Ahmet AYAZ
Gaziantep Güneş Gazetesi 4 Temmuz 2019
………………………………………………
Para, tüm insanların ihtiyaçlarını
karşılamalarında kullanılan 1. derecede en önemli bir araçtır. Para harcamak
için kazanılmaz. Para ihtiyaçları karşılamak için kazanılır. Rahmetli ünlü bir
iş adamımız Sakıp Sabancının “PARA” adını
taşıyan bir romanı var. Bu romanın ön
kapağında da, “Para, başarının mükafatıdır” sözü yazılıdır. Napolyon
Bonaport Fransada bir konferans için halkı
toplar. Kürsüye çıkınca Para, Para, Para der ve kürsüden iner. Sorarlar
kendisine “Sen o kadar Fransız Halkını topladın, hiçbir şey söylemedin, para
para para dedin kürsüden indin” Dediklerinde bu kadarısı yeter, anlayanlar
benim ne demek istediğimi anladılar der.
Gaziantep eski milletvekili Mustafa
Güneş 1952 yılında benim ilk okul öğretmenimdi. Bir gün bize hayat bilgisi dersinde,
bir soru sordu. Sorduğu soru “Parayı kazanmak mı zor? Yoksa Harcamak mı?” Hepimiz harcamak kolay. Kazanmak zor
dedik. Öğretmenimiz “Çocuklar parayı kazanmak kadar da, harcamak zor dedi. Yalınız, parayı harcamak,
parayı bitirmek anlamına gelmez dedi. Şehre geldiniz, kafanıza göre bütün
alacakları aldınız. Artan paraya da etli, sütlü, tatlı yediniz, eğlence yerlerine
gidip eğlendiniz. Parayı da bitirdiniz.
Bir baktınız ki, çok önemli alacaklarınızdan birisini unutmuşsunuz. Parayı da
bitirdiniz. Bu harcama oldu mu? Buna parayı bitirmek denir. Parayı
bitirmek, parayı harcamak anlamına
gelmez. Ancak gerekli mal ve
malzemeleri ihtiyacınız olduğu kadar almak, parayı harcamak anlamına gelir.

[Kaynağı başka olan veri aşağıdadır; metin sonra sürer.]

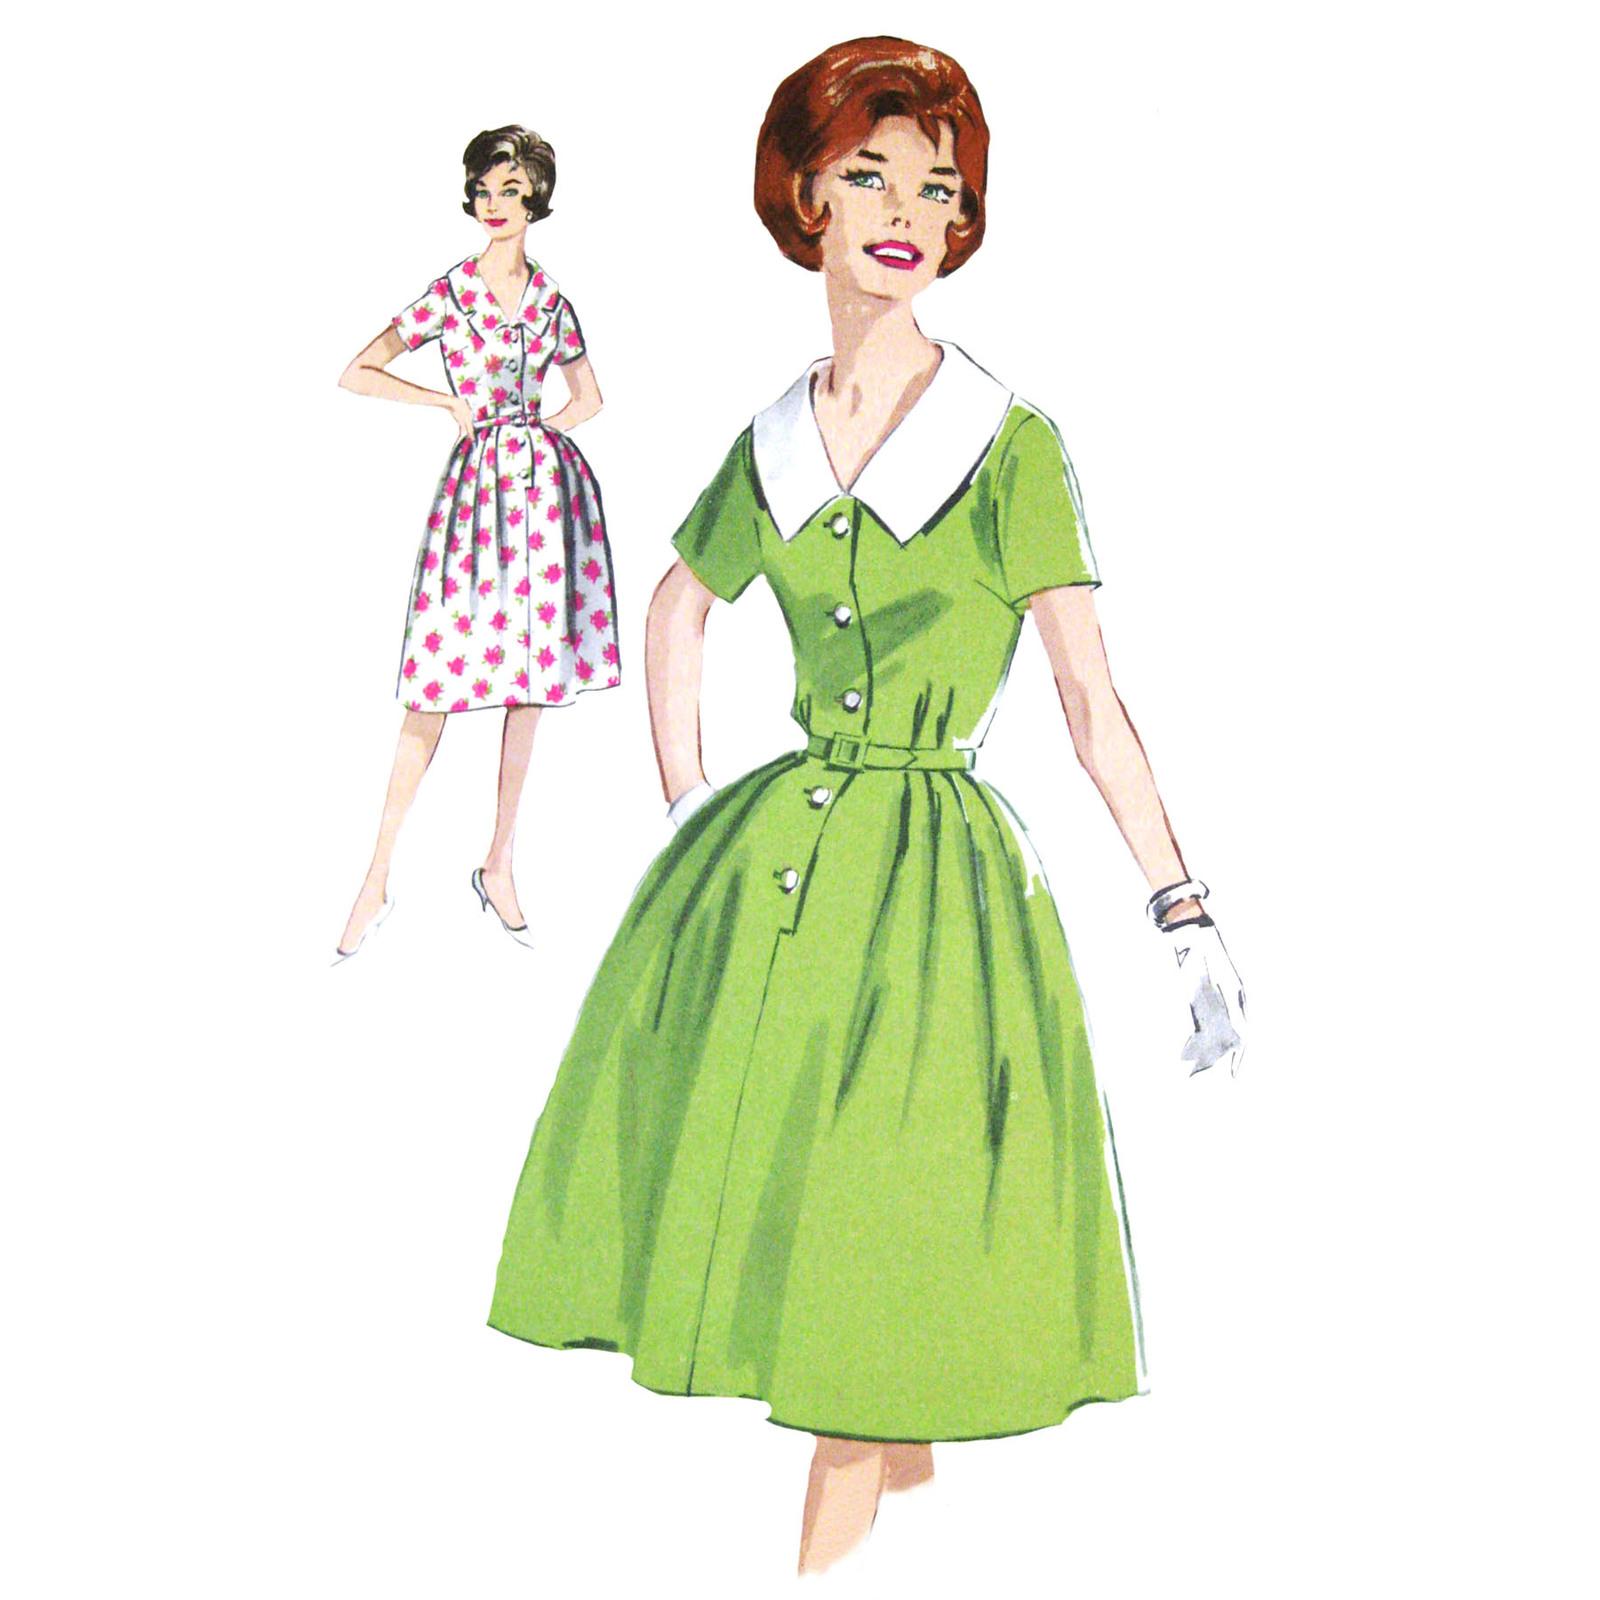 Vintage 60s Advance 2950 Misses Shirtwaist Dress Short Sleeve V-Neck 16/36

Sözü açılmışken burada biraz paranın gerekliliğinden söz etmek istiyorum. Rahmetli
babam “Parası olmayan adam sayılmaz” derdi. Bende buna kızardım, canım
sıkılırdı. Bir gün bana sordu. “Askerlik arkadaşın var mı?” diye. Ben de var dedim.

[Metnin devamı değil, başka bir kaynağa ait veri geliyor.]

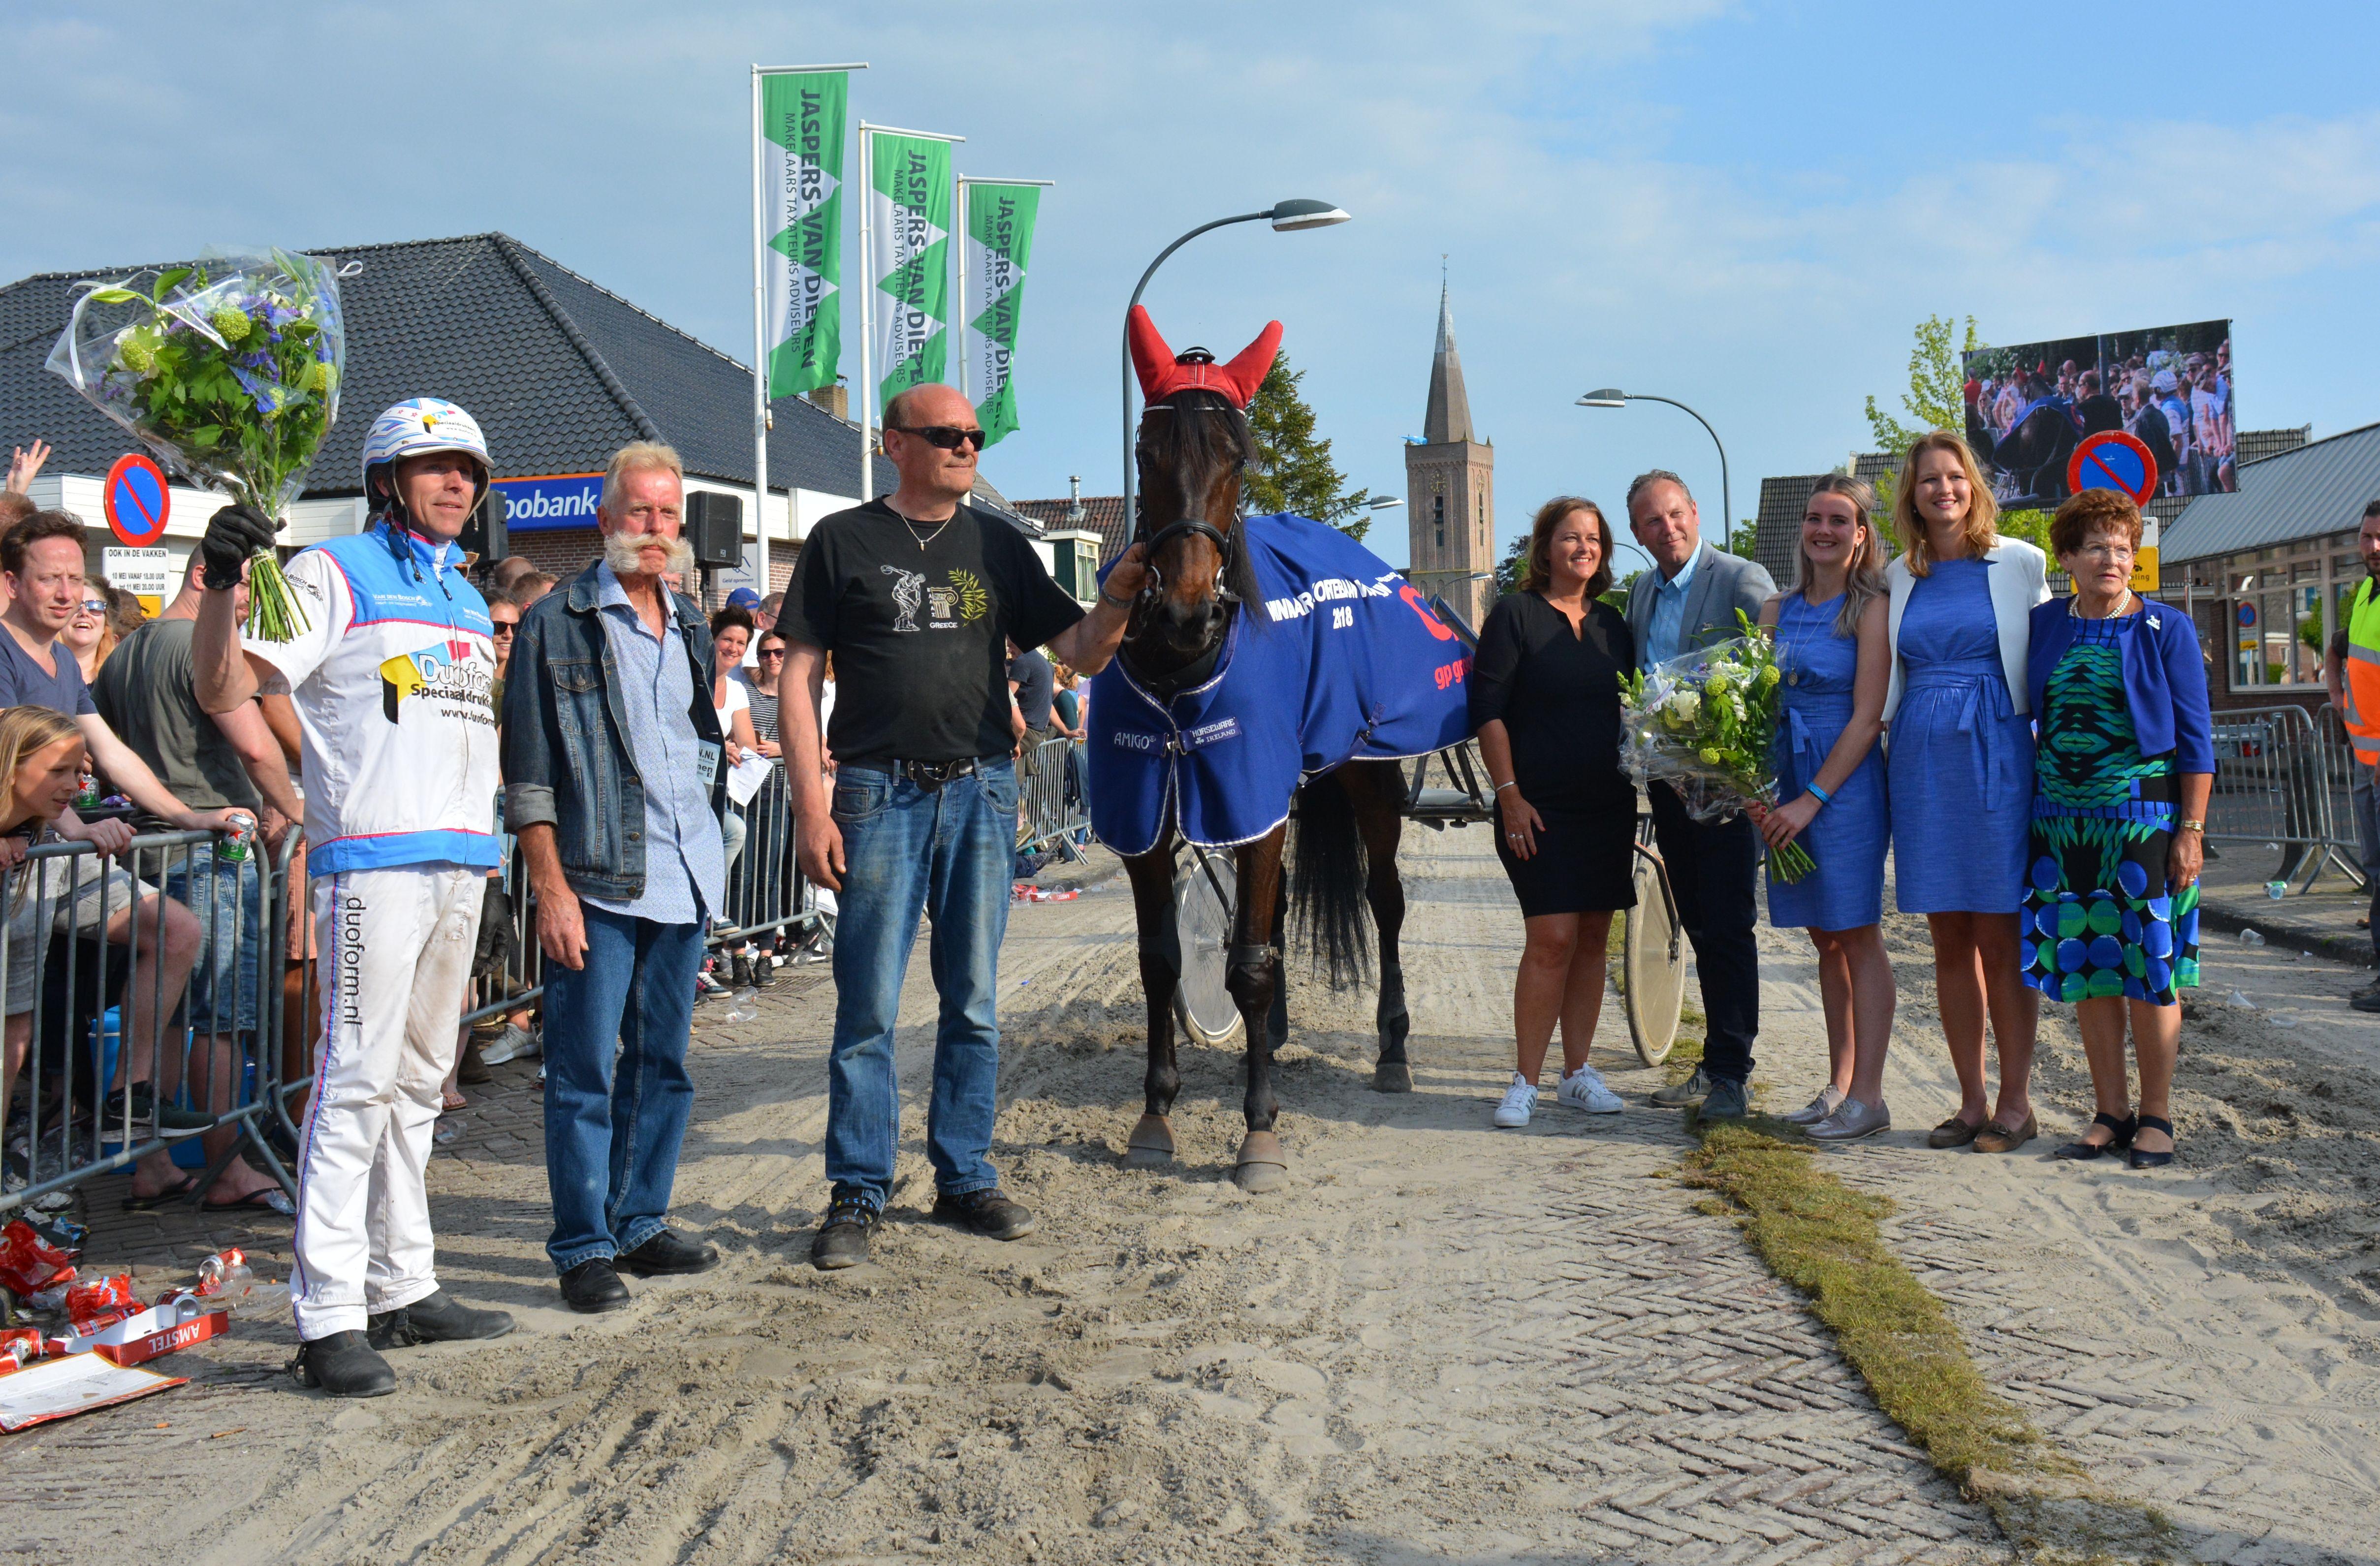 Cattiva Byd en John Dekker (l) gaan als eerste over de finish. (Foto: aangeleverd) rodi.nl © rodi

Bir gün habersizce misafirliğe seni görmeye gelse. Bir oğlak kesmek istiyorsun,
yoktur. Hindi, oda yoktur, tavuk oda yoktur. Satın alıp bir şeyler kesmek
istiyorsun, oda yoktur. O zaman arkadaşına bir ikram da bulunamadın. Arkadaşın misafirlikten evine döndükten sonra, senin hakkında nasıl bir
düşünceye varır. Senin elinde beş kuruşun bile, olmadığını ne bilsin? Adam
değilmiş, yanına gittim de, bir ikramda
bulunmadı demez mi? Dedi ve çok çok haklı çıktı. O zaman parayı kazanmasını da,
harcamasını da bilmemiz gerekir diye düşünüyorum. Yüce Allah kimseninde cebini
boş koymasın diyorum.
Sevgili okurlarım; Cebinizdeki paraları
lüzumsuz yere harcayıp bitirirsiniz, ihtiyacınız olmayan mal ve malzemeleri fazlası ile alırsınız. Size öyle bir yerde para lazım olur
ki, olmazsa olmaz. İşte o zaman para
harcama bakımından telaffuzu mümkün olmayan bir yanlışa düştüğünüzü fark
etseniz de, iş işten çoktan geçmiş olur.
Artık yapacak bir şey de bulamazsınız. Parayı şerefinizin haysiyetinizin
üstünde tutmayın, ama parayı hiçe de saymayın. Yazımı peygamber efendimizin bir
sözü ile bitirmek istedim. “Denizin kenarında abdest alırken bile, suyu israf etmeyiniz”
diyor. yüce paygamber Hz. Muhammed efendimiz.